The board ultimately voted 2-0 in favor of approving the rate increase, as well as an increase to service fees. Beginning in 2020, bi-monthly, fixed service charge fees will rise to $87.29 for a typical 1-inch residential meter, with water usage charges rising about 11 cents to $1.18 per unit.
“I see this as intentional planning so that we do not face large issues that are going to burden future generations with huge costs,” said Board Chairman Ray Riehle prior to casting his vote. “We’re at a point where we can make incremental and modest increases in what we pay — what I pay, what every member of our district pays — in order to prevent us from being backed into a corner and having to debt finance or having a disaster that is going to create serious problems for future generations.”
Riehle was joined by board member David Wheaton, who also supported the increase. The third member of the board, Caryl Sheehan, was absent from the meeting.
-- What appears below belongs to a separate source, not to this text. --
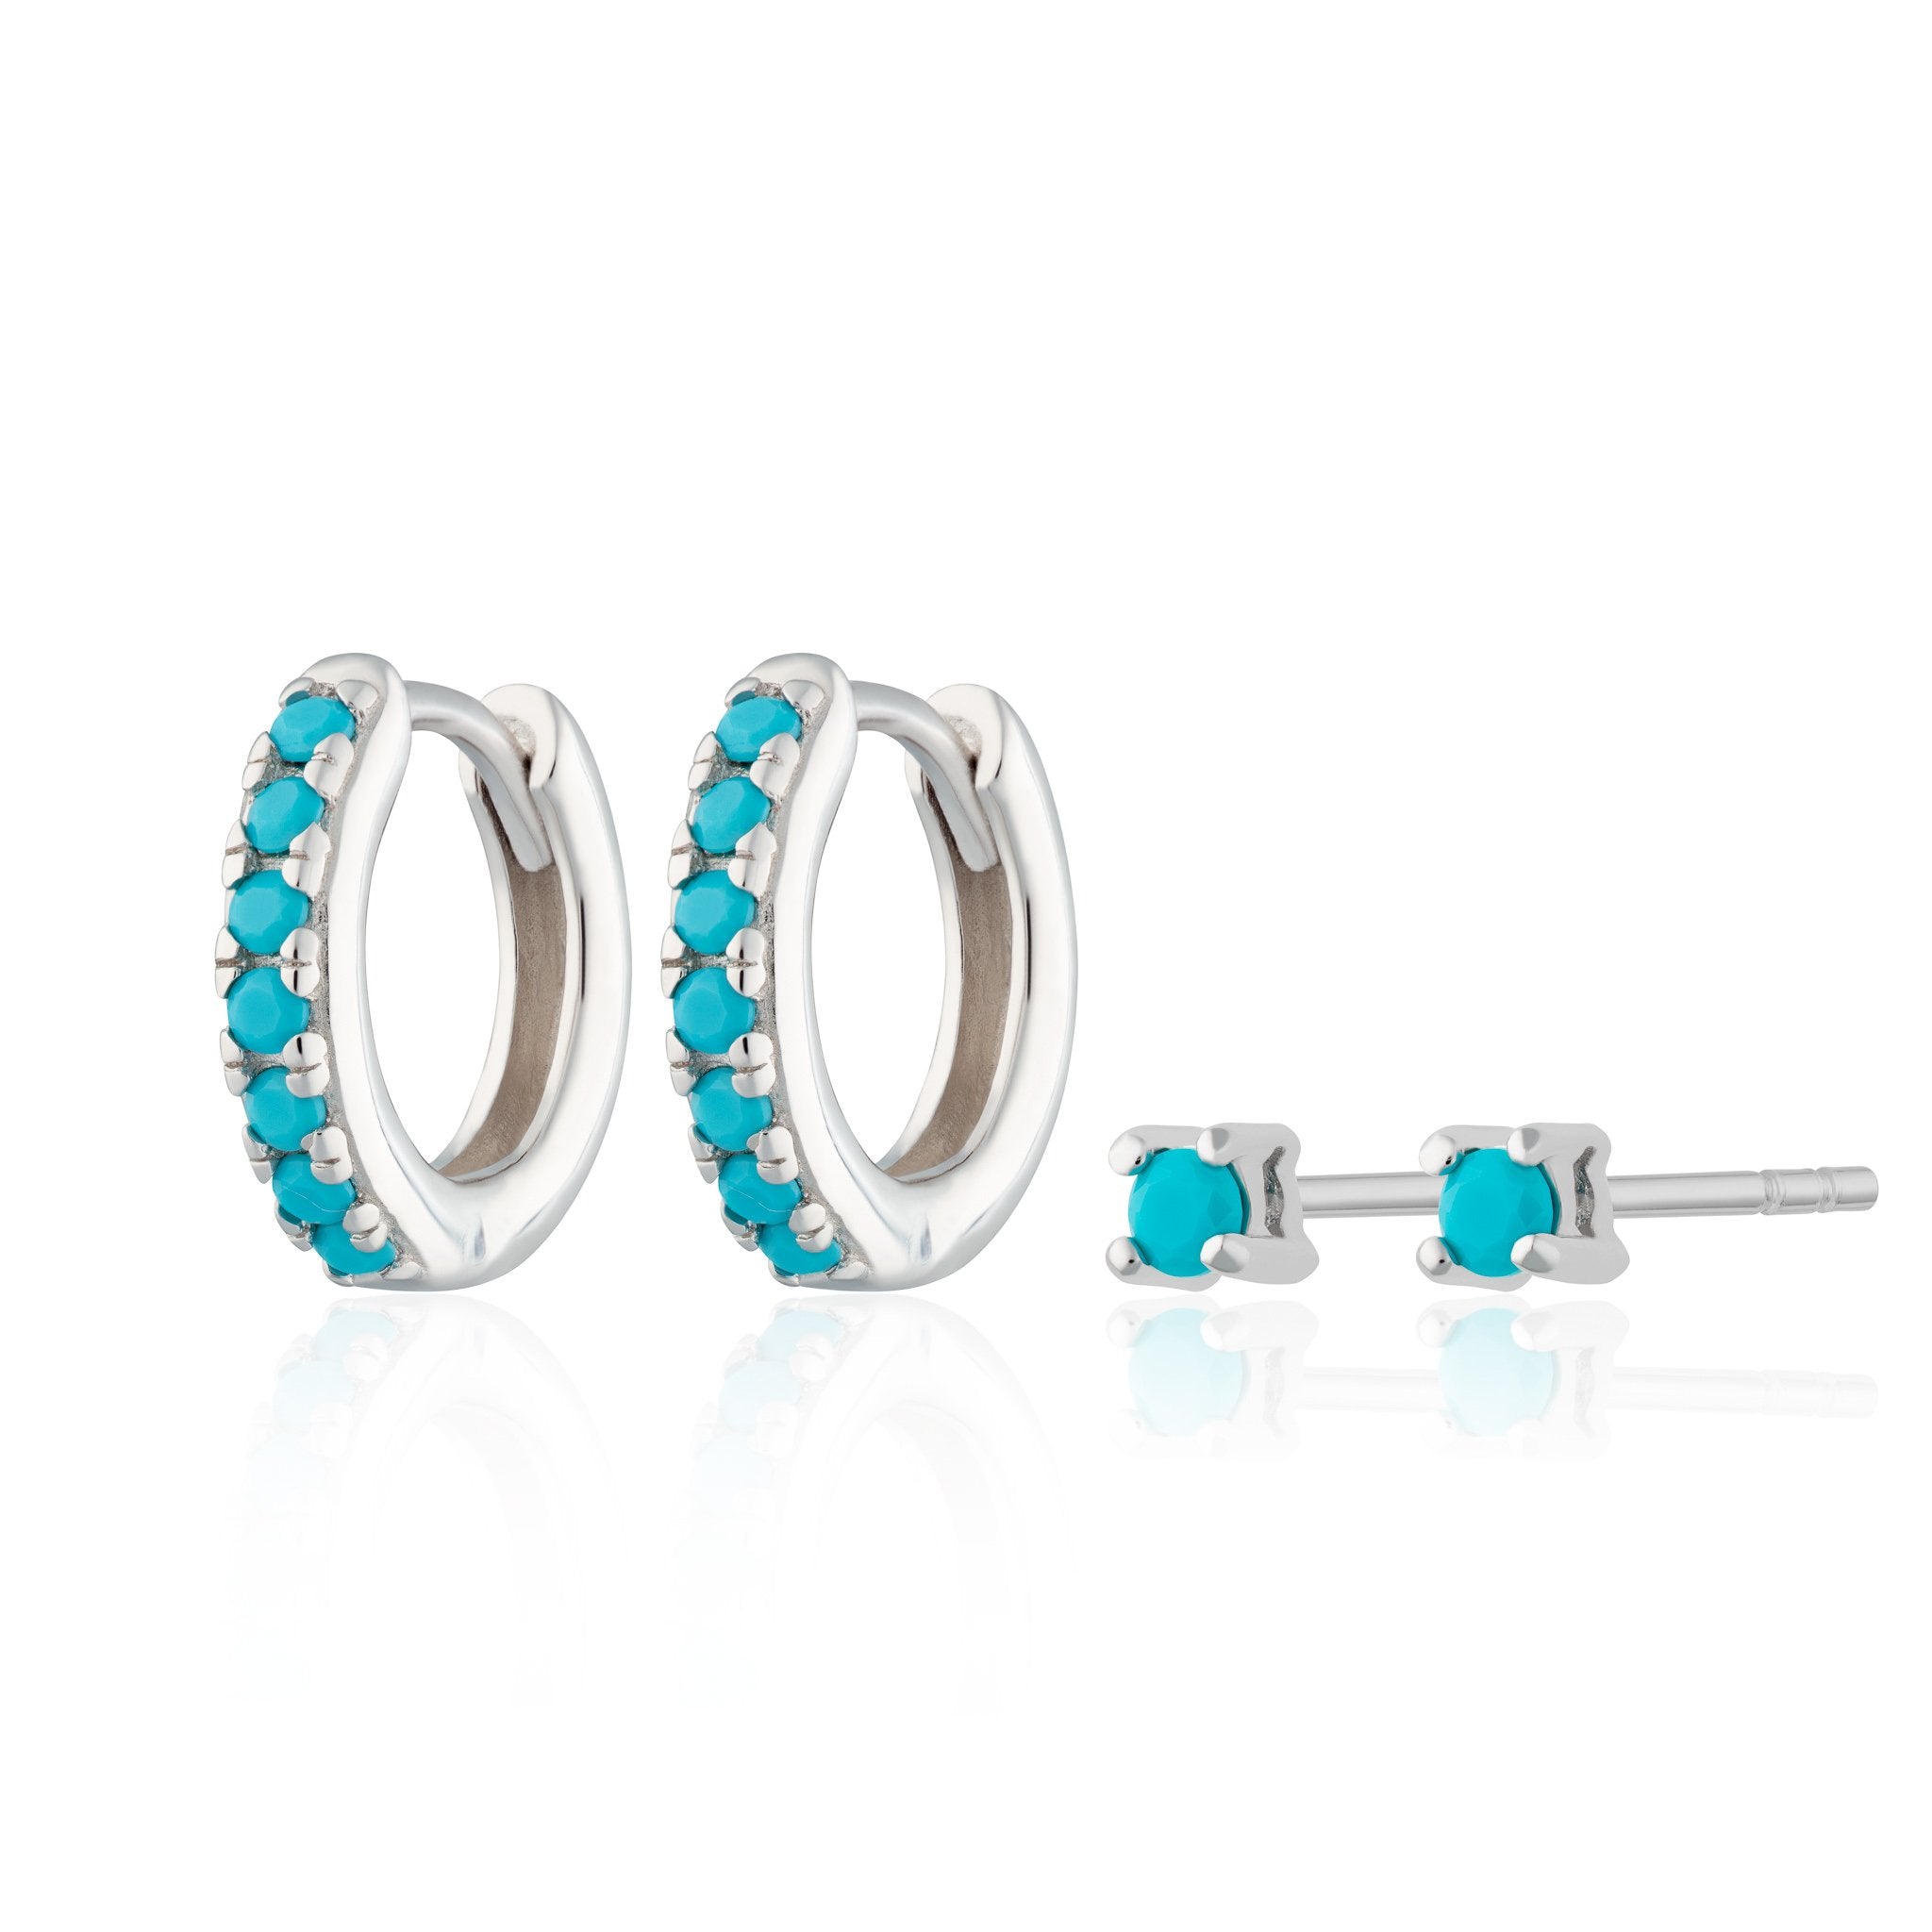 Turquoise Stone Huggie and Tiny Stud Set of Earrings

Wheaton said he was comfortable with the increase, “only because either you pay now or you pay later, and the cost later is much higher.” He also spoke in support of a pay-as-you-go approach to infrastructure replacement and called debt financing “a horrible, horrible, horrible decision that I would not want to make and I would not vote for only because I know that you end up paying twice or three times as much as the original monies.”
The district will also soon vote on whether to adopt a recommendation from its Customer Advisory Committee, which has proposed adding a new 5.5% surcharge to water bills beginning next year to help cover the projected $390 million cost of replacing the majority of the 200-plus miles of water mains that were installed in the 1960s to 1980s. The project, known as Project 2030, includes a recommendation for debt financing.